I due si incontrano in un locale per soldati americani, luogo irreale di pericoli e perdizione, il Phoenix appunto, ma lui non la riconosce e le chiede, vista la somiglianza di diventare Nelly per riscattare l’eredità della donna. Le insegna a imitare la sua scrittura, a camminare, pettinarsi, vestirsi come lei, e la ricostruzione della società tedesca coincide così con quella del viso di Nelly e della sua identità. Ma questo doppio piano narrativo, che costituisce il movimento del film è in opposizione, stridente, terribile, come ogni smascheramento. Il romanzo di formazione di Nelly non coincide con quello della Germania, lei saprà e potrà solo mostrare la sua consapevolezza, gli altri no, perché complici anche solo con la loro indifferenza.
Petzold entra nella Storia con la potenza del melodramma a sfumature noir di un’illusione che è il bisogno disperato della donna di credere che qualcosa, almeno l’amore, si sia salvato. E per questo è disposta a tutto, anche a nuove umiliazione, a tornare a essere prigioniera, a negare sè stessa in quel corpo che ha conosciuto la disumanizzazione.
Ma se il suo sguardo coincide con quello della protagonista, Phoenix non è un film sullo sterminio o sul nazismo; ciò che il regista mette al centro, e con forza disturbante, è l’anno zero della Germania, e la vertigine di fronte alla Storia di chi non vuole sapere, ascoltare chi è tornato, nemmeno «riconoscerlo» perché significherebbe riconoscere le proprie colpe.

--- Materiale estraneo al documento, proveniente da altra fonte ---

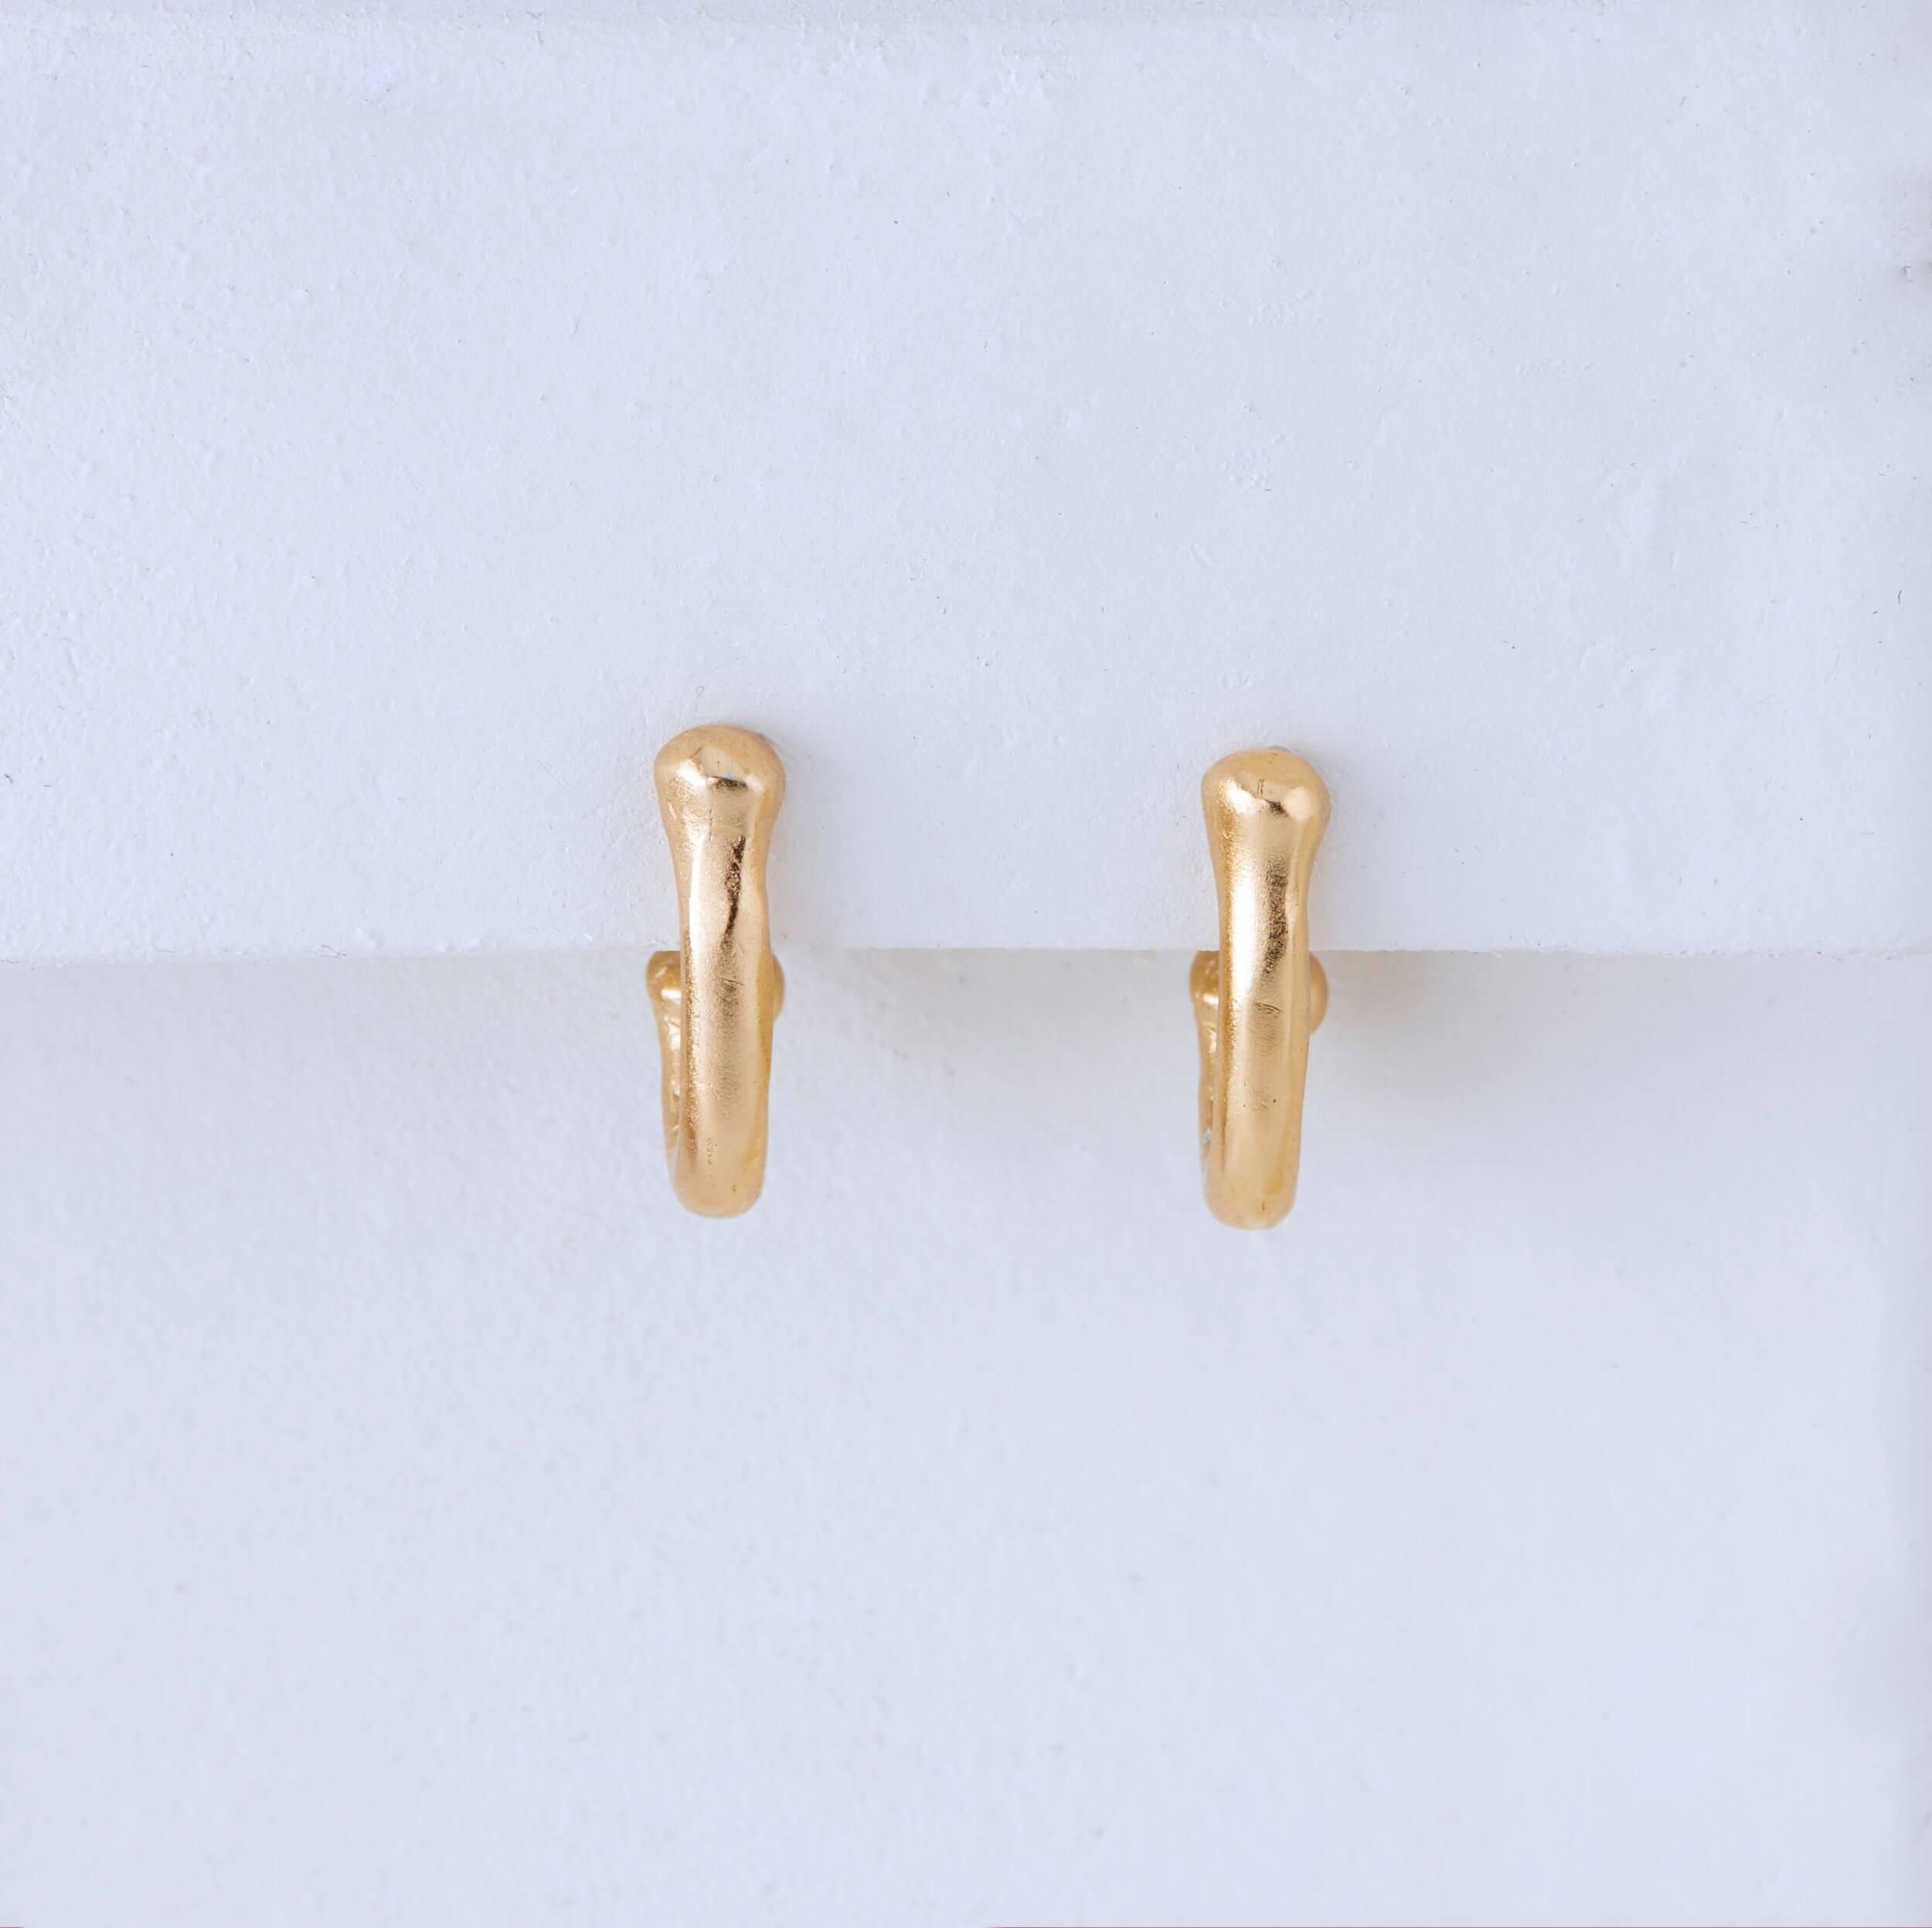 Embrace Earrings - עגילים חובקים כסף מצופה זהב

Distogliere lo sguardo può certo essere una strategia di salvezza, l’accanimento con cui Nelly vuole credere all’uomo che ama, perché il dolore ti schianta come accade all’amica, determinata e battagliera che si sparerà un colpo in testa, lei che conosce non sopportando più tanto orrore. Ma distogliere lo sguardo, visto che è la Germania, coloro che sono stati nazisti e che osservano Nelly/Petzold significa «dall’altra parte» rimuovere ogni colpa, alle orecchie e agli occhi di Nelly – Nina Hoss rende con impressionante violenza la fisicità del trauma – ogni tono di voce, ogni sguardo, ogni sorriso davanti a lei ebrea che solo poco prima era da condannare riportano al nazismo. Chi erano poco prima quegli uomini e quelle donne che oggi sembrano sorridere indifferenti? Per questi perfetti esecutori della ricostruzione, lei e quelli come lei rappresentano un insulto, una sberla, una presenza insopportabile. Mi chiederanno dei campi, dice Nelly al marito interpretando se stessa. Invece no, perché nessuno vuole sapere.